For the foregoing reasons, the Court hereby GRANTS Defendants' Motion for Summary Judgment [Doc. No. 13], DENIES as moot Defendants' Motion to Stay Discovery [Doc. No. 16], DENIES Plaintiff's Motion to Conduct Discovery [Doc. No. 21], DENIES as moot Plaintiff's Motion to Stay Further Briefing [Doc. No. 21], DENIES Plaintiff's Motion to Stay the Court's Consideration of Defendants' Motion for Summary Judgment [Doc. No. 21], DENIES Plaintiff's Motion for Summary Judgment [Doc. No. 22], and DENIES Plaintiff's Motion to Strike Defendants' Response to Plaintiff's Notice to Court of Recent Eleventh Circuit Authority [Doc. No. 29].

NOTES

[1] Defendants move for summary judgment only on Plaintiffs' claims. Defendants have not moved for summary judgment on their Counterclaim.

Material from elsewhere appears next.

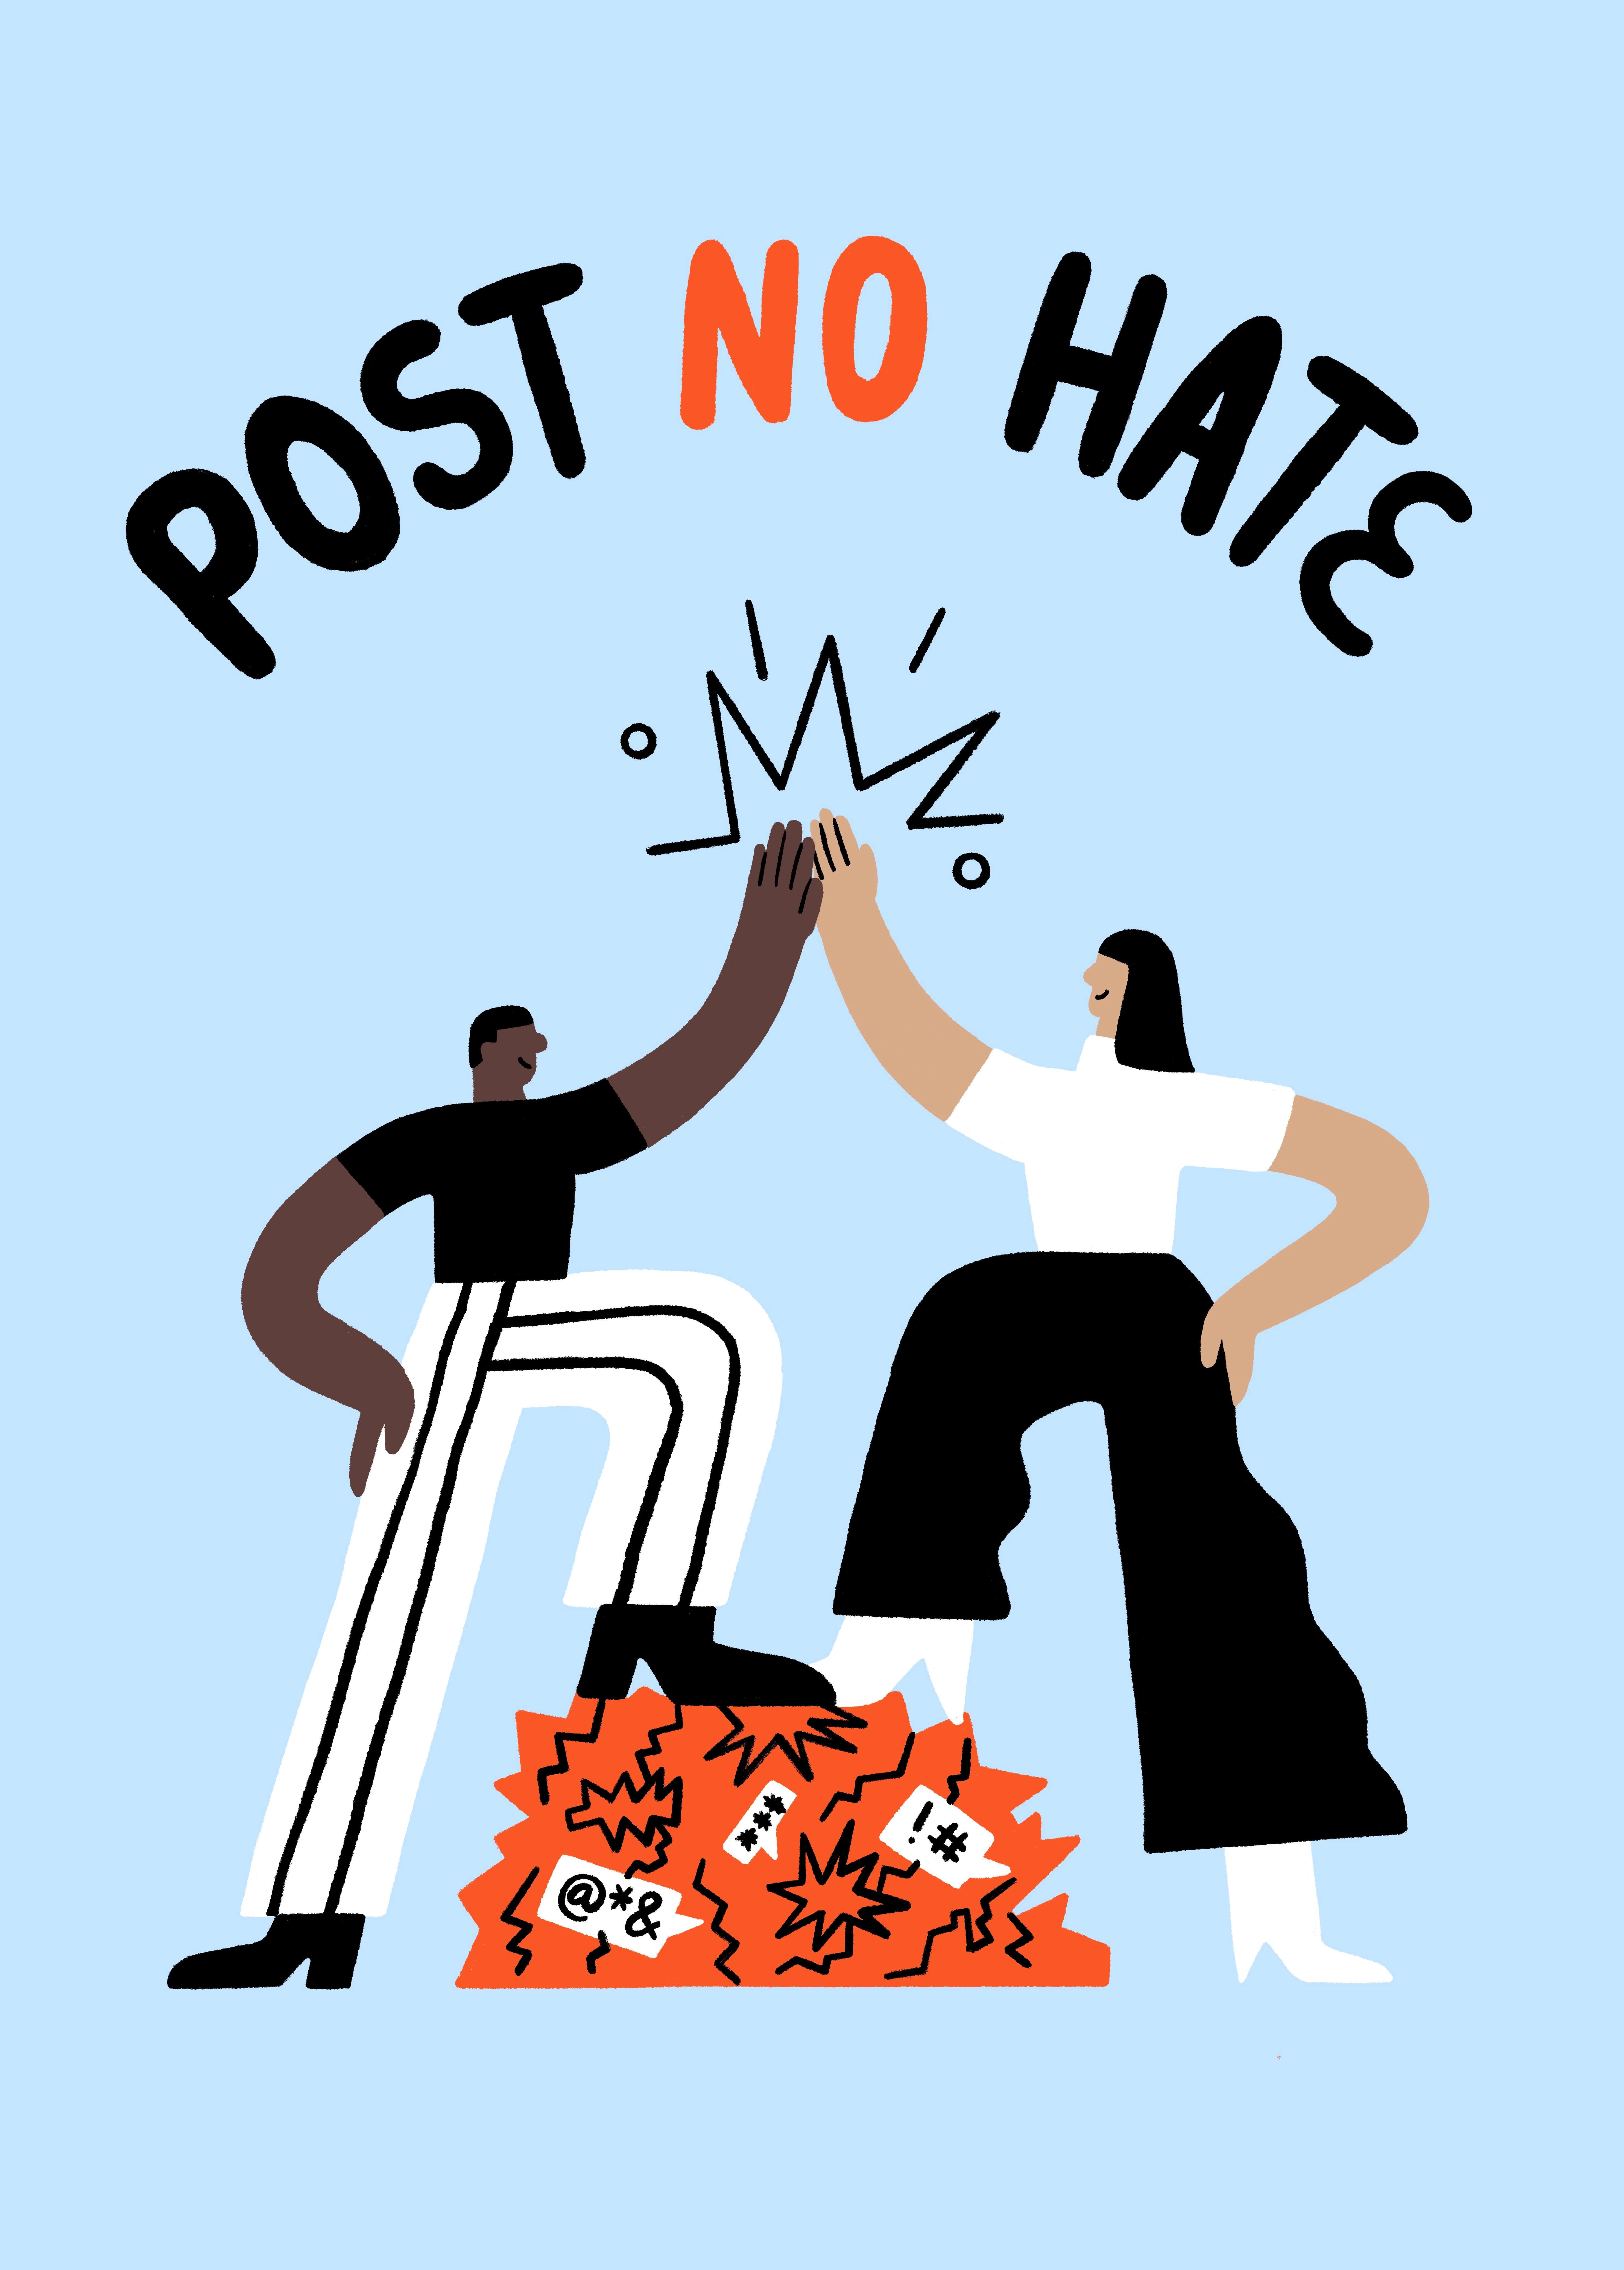 Post No Hate main image

[2] Three days are also added when service is by electronic filing.

[3] Plaintiff seeks leave from the Court to file a reply in response to Defendants' arguments, regardless of whether Defendants' response is stricken as untimely. Inasmuch as the Court is not taking Defendants' response into consideration, the Court finds no reason to take Plaintiff's reply into consideration and will not do so.

[4] As a general matter, Plaintiff does not dispute that offsets may be had from maximum or capped benefits provisions. Indeed, Defendants have cited authority for the proposition that such offsets are proper. See Glover v. South Cent. Bell Tel. Co., 644 F.2d 1155, 1159-60 (5th Cir. (Unit A) 1981). Rather, Plaintiff's argument is that the language in the policy at issue in this case does not specify that the offset should be from the maximum benefit amount.